Find the line containing "Plafoniera Sensore Di" in the records below. Copy exactly that line and each one after it, ending at the line containing "AIRBUS A330-300 B-HYQ", and nothing more.

##### Data listing #####

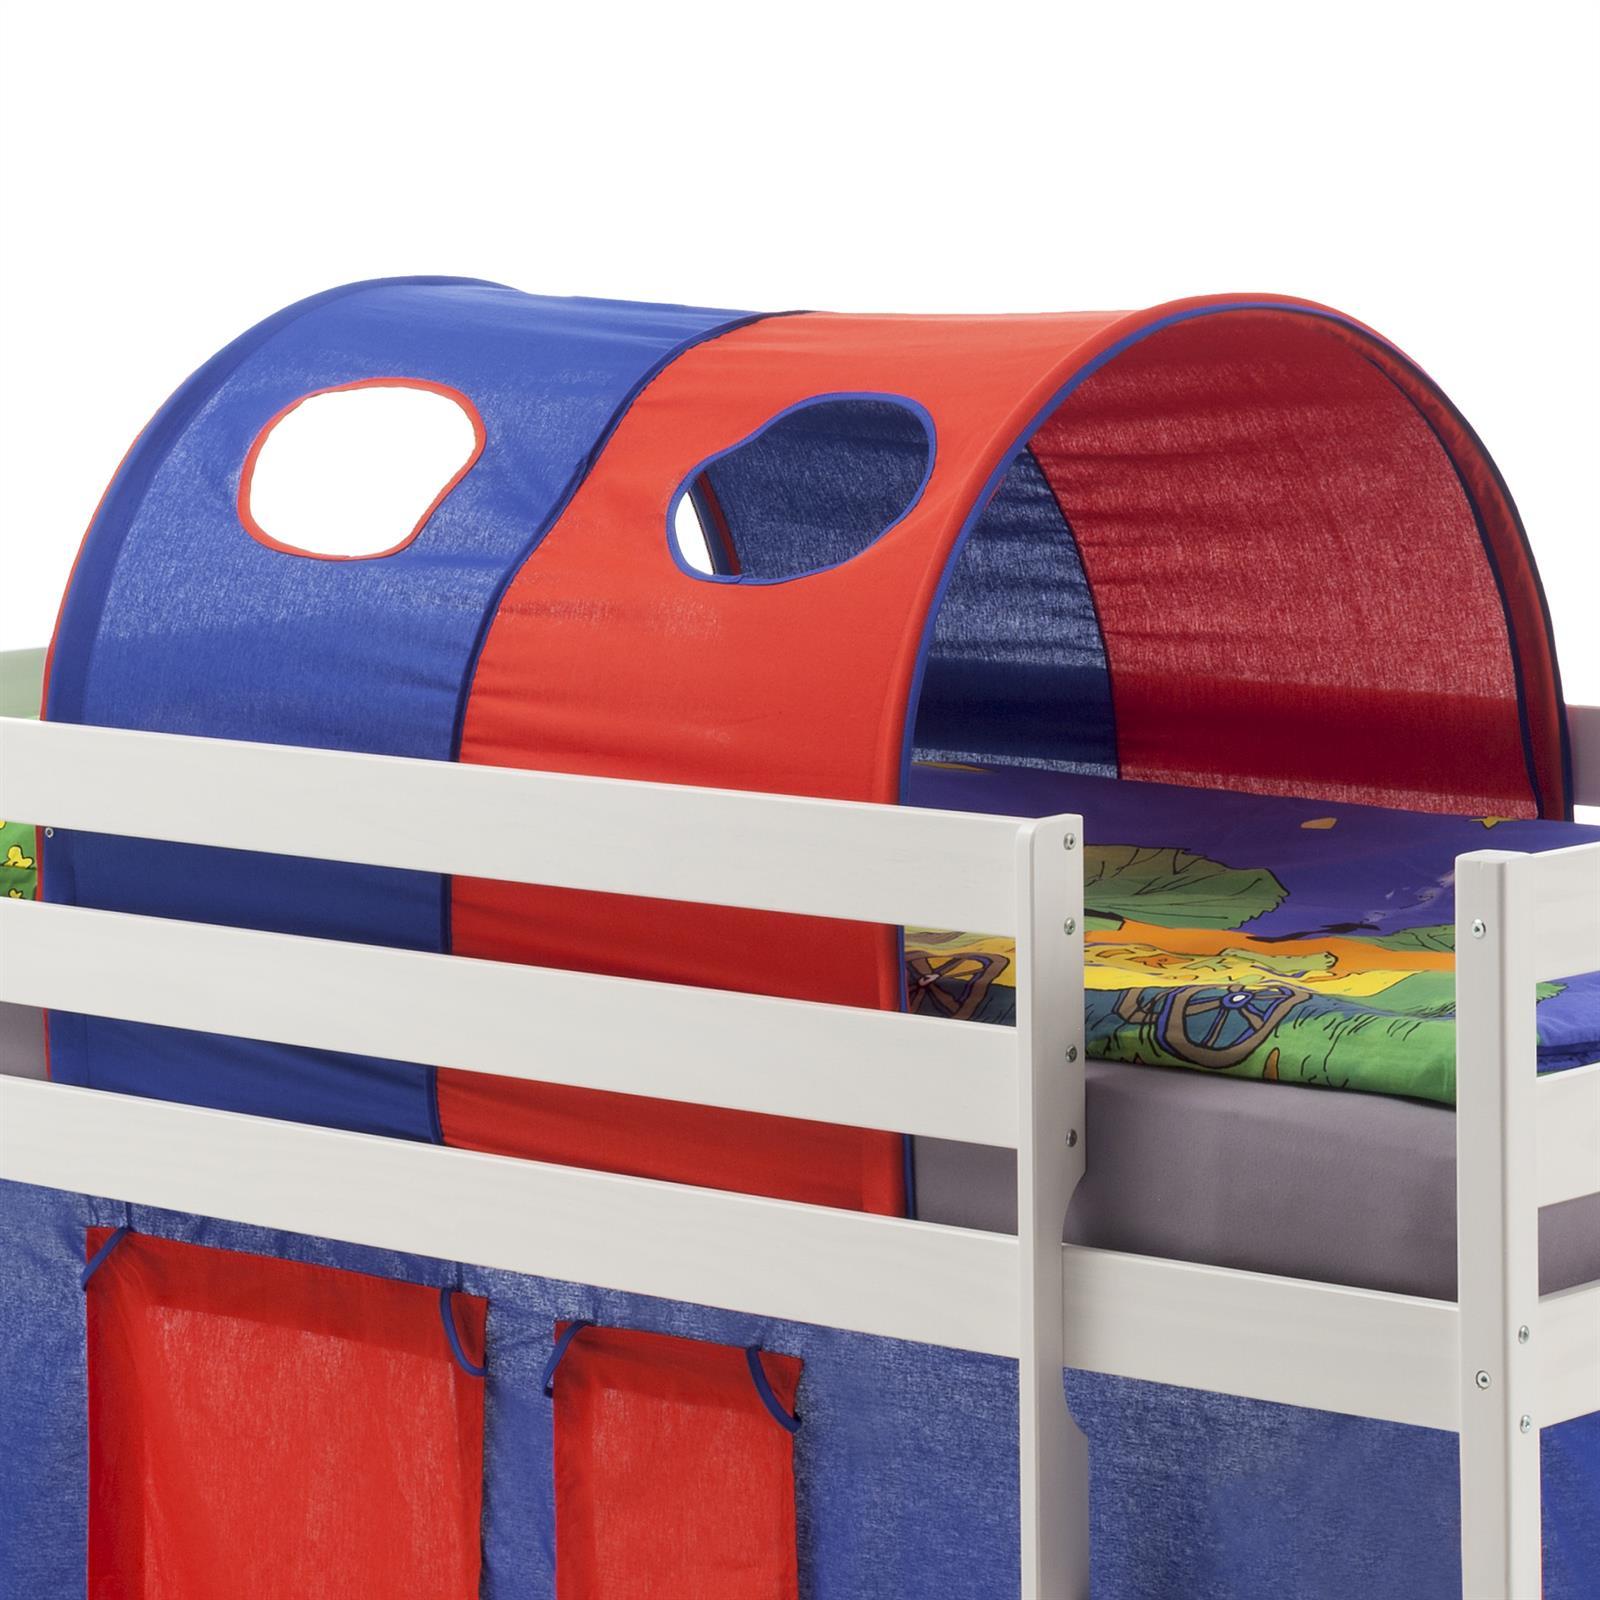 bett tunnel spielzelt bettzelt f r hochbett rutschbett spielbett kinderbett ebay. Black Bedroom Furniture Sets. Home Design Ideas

#####
##### Data listing #####

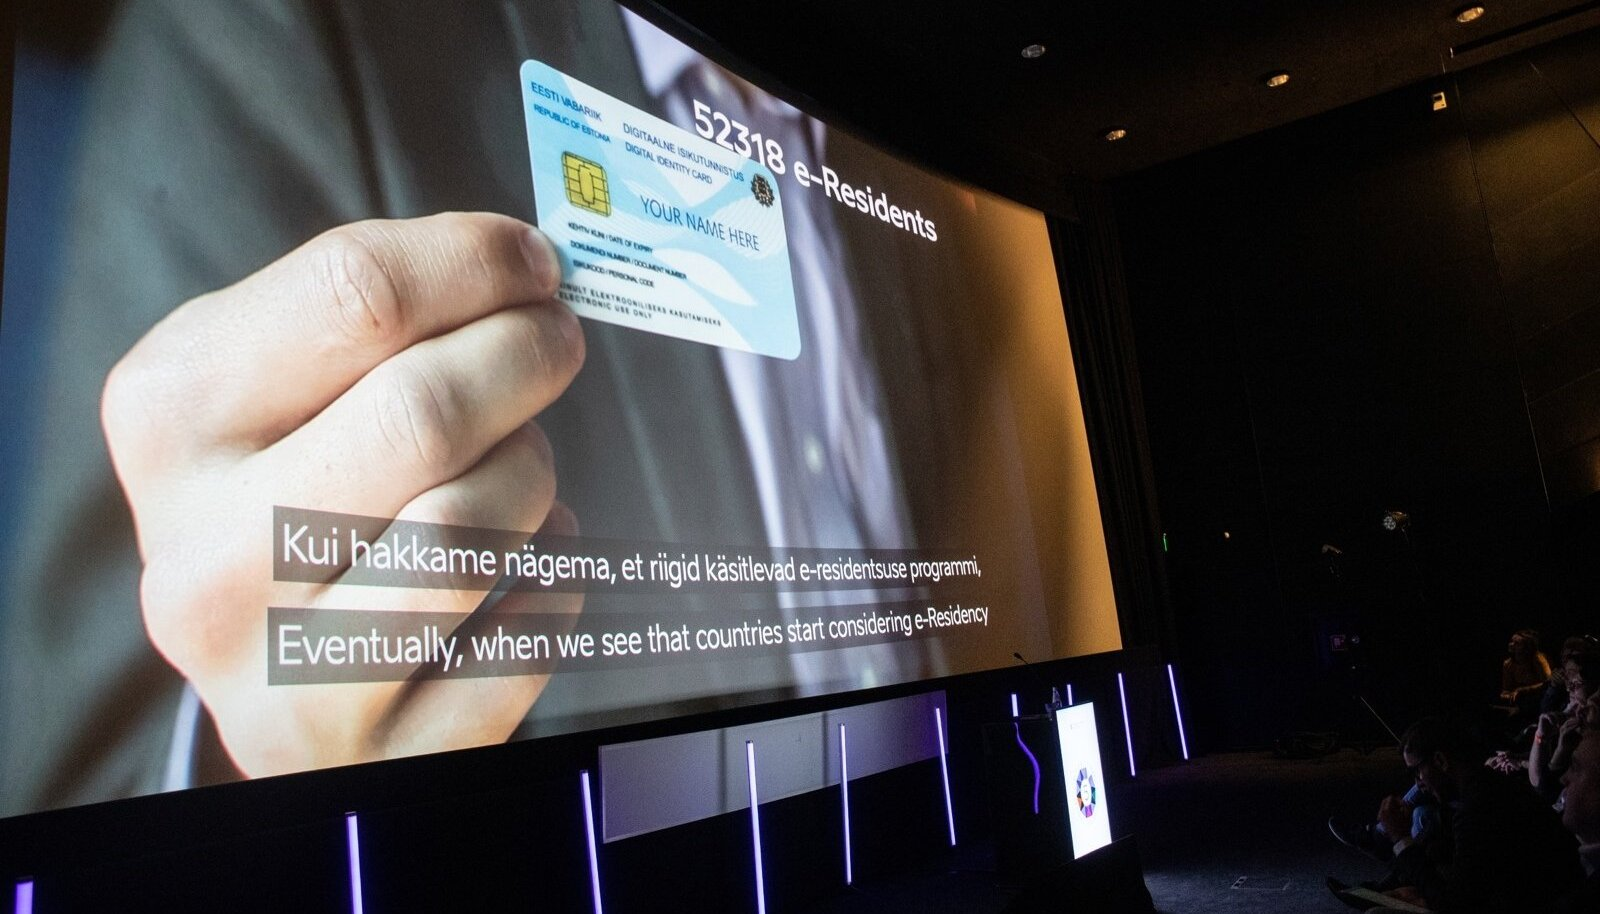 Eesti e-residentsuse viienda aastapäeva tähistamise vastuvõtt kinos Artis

#####
##### Data listing #####

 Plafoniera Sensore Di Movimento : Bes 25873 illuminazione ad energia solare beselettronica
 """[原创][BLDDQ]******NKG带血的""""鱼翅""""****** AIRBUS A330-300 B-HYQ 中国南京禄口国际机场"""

#####

## Your response
 Plafoniera Sensore Di Movimento : Bes 25873 illuminazione ad energia solare beselettronica
 """[原创][BLDDQ]******NKG带血的""""鱼翅""""****** AIRBUS A330-300 B-HYQ 中国南京禄口国际机场"""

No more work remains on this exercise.